The tests utilize geo-partitioning, different row-level locking modes, and all isolation types currently supported in YugabyteDB.
Nemesis
During the daily testing, an LXC configuration is used with a 5-node setup. The original nemesis list is not significantly expanded, except for the inclusion of clock skew by default during the initialization of yb-tserver/yb-master processes. VM nemeses (AWS VM restart/start/stop, volume detach) and some stress OS level nemeses (using stress-ng, network slowdown) are covered in YugabyteDB stress framework.
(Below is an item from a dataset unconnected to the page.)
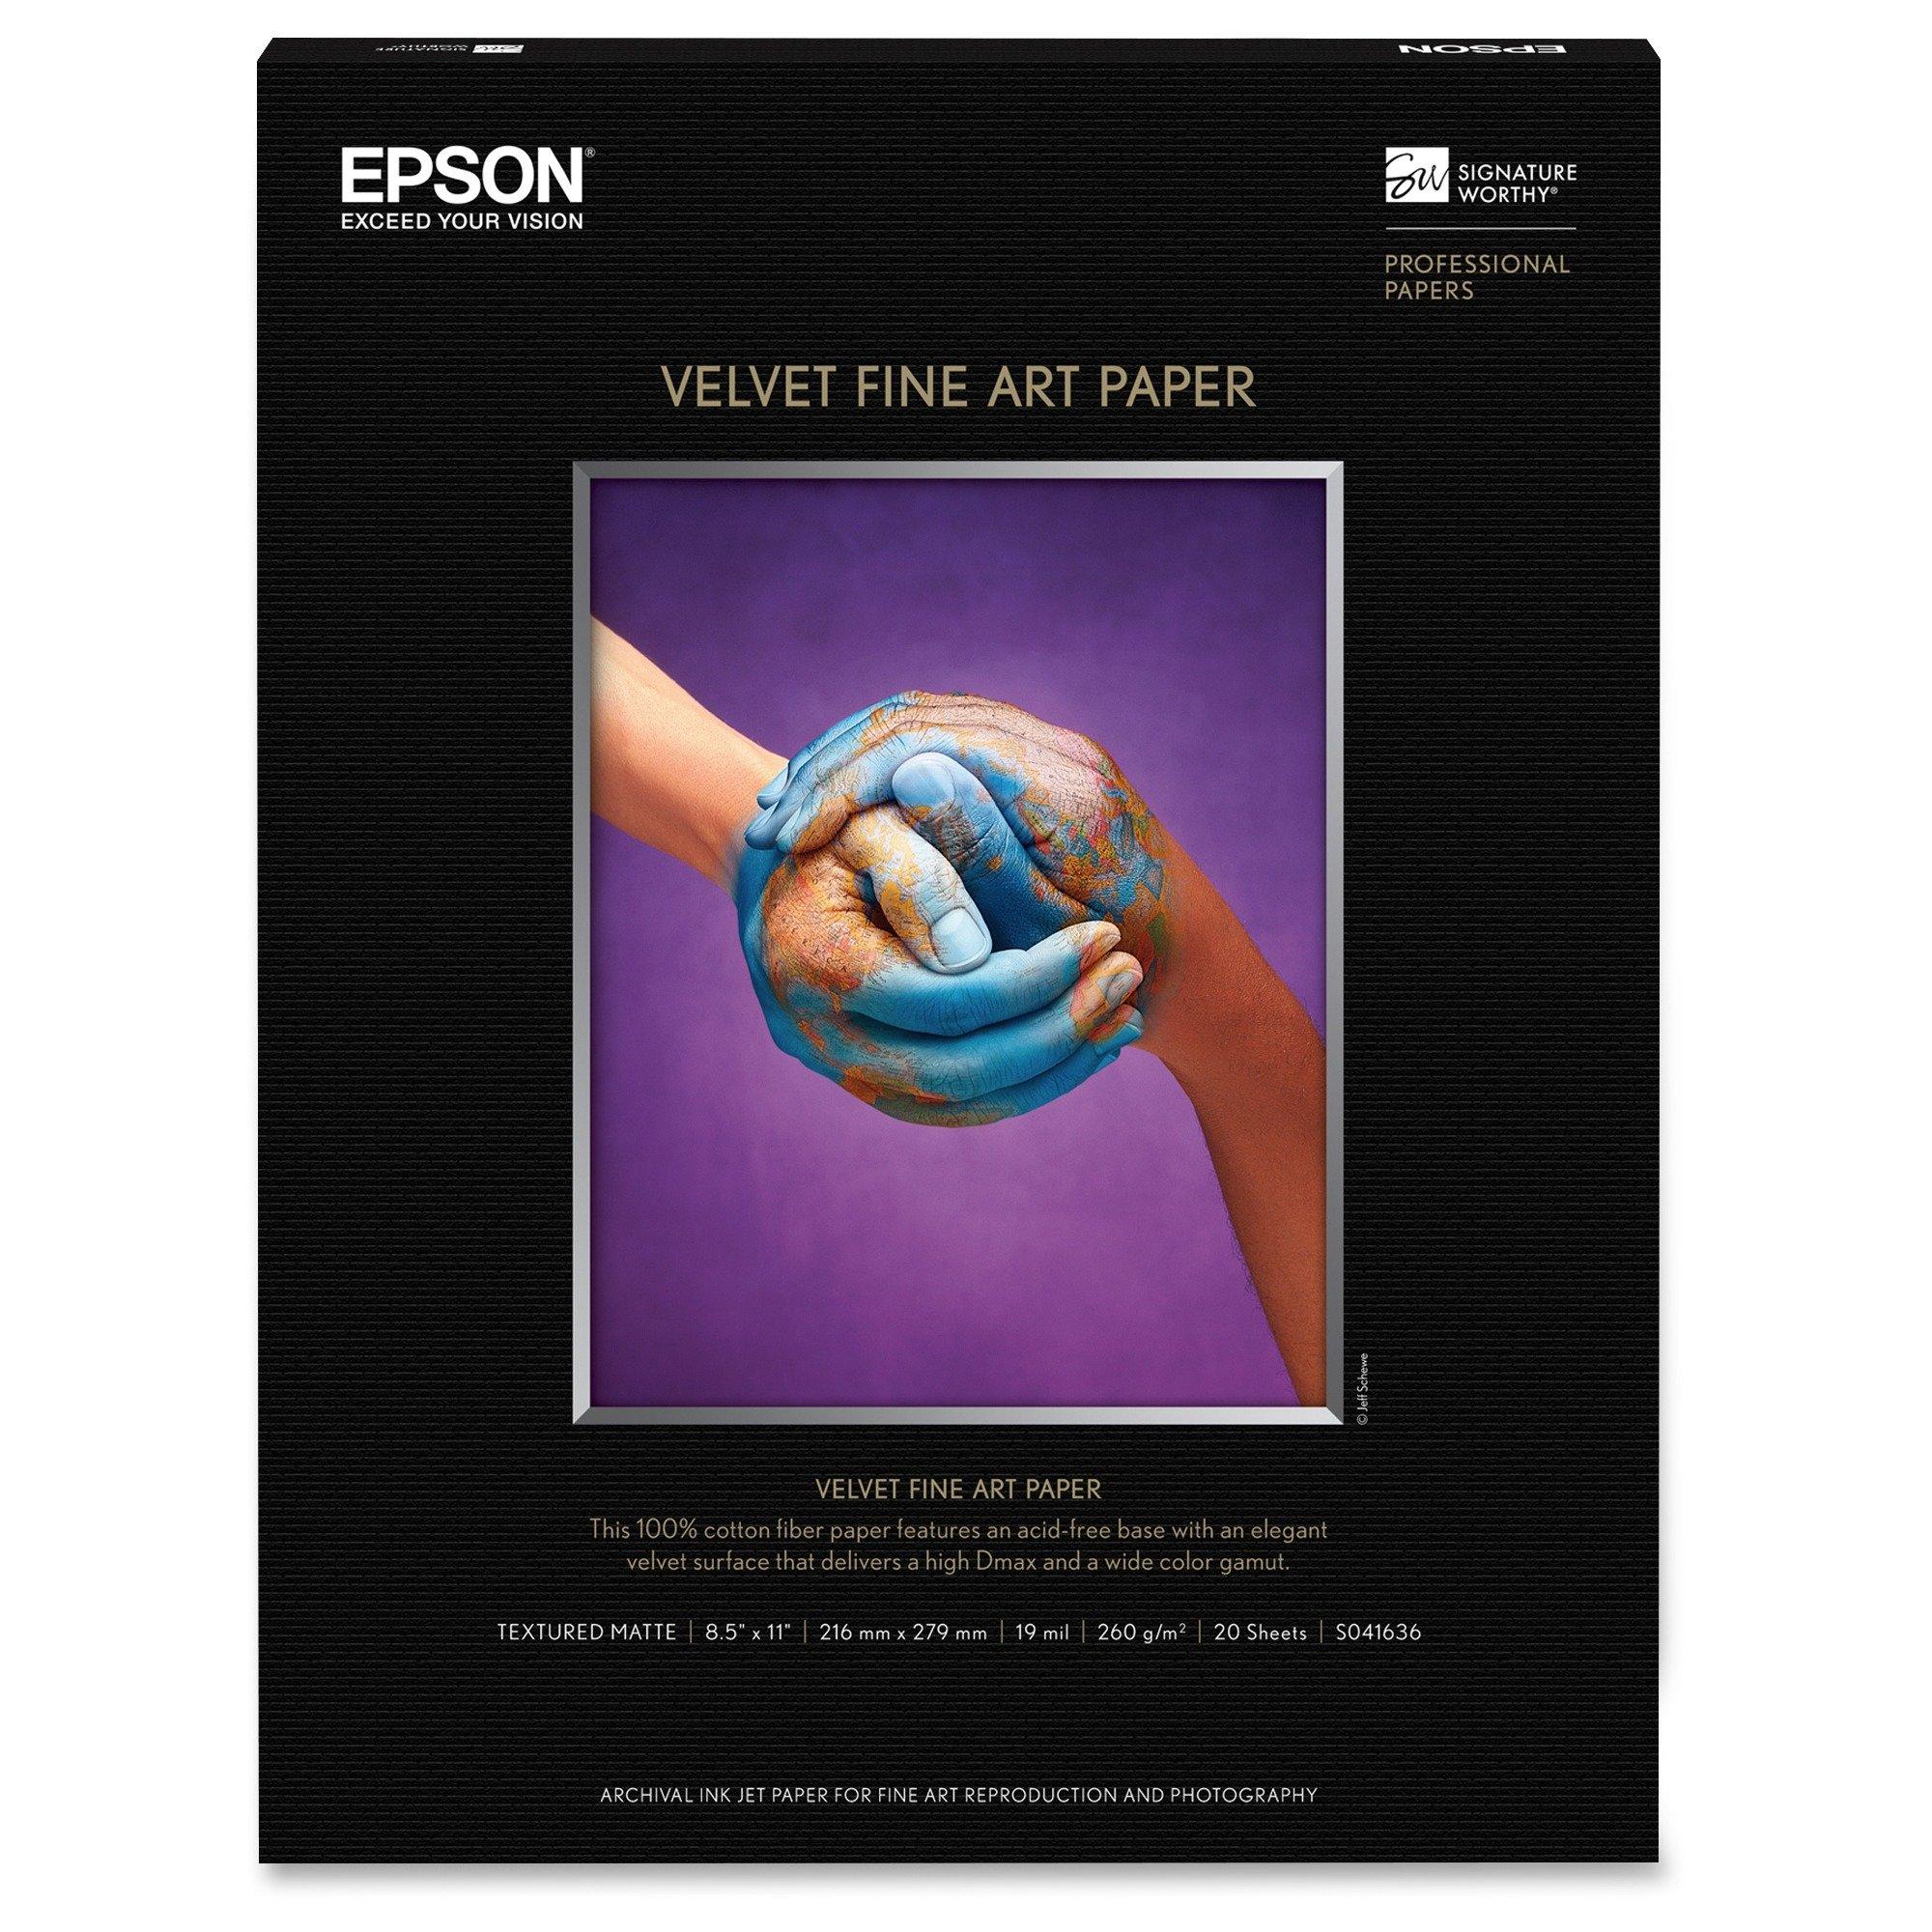 Epson America S041636 Velvet Fine Art Paper

The complete nemeses list includes the following:
Software clock skew
YugabyteDB has special flag options that can utilize software clock skew. This nemesis assigns random clock skew values to each yb-tserver or yb-master process in scenarios where process restart is used.
Restart yb-master or yb-tserver process
Nemesis uses the ps
utility to identify yb-master or yb-tserver processes, and then use the kill -9
command to forcefully stop and restart them.
Pause yb-master or yb-tserver process
Instead of killing the process, a STOP signal is sent to it, which may lead to tricky behavior between node interactions using the same kill
utility as before.
Network partitioning
This nemesis uses the iptables
utility to drop connectivity between testing nodes.
# drop connection from current node to 10.20.30.40,10.20,30.41
iptables -A INPUT -s 10.20.30.40,10.20,30.41 -j DROP -w
# heal everything
iptables -F -w
iptables -X -w
Combination of Kill, Partition, and Pause Nemeses
The following illustration describes an example of how nemeses work in combination during the test. Notice that there is some space for no nemesis so the test can execute and achieve some successful operations (txn ok). The test fails (txn fail) if an additional check shows that the number of write or read operations is zero.
Known issues
All latest information about issues related to Jepsen are tracked in our GitHub issues.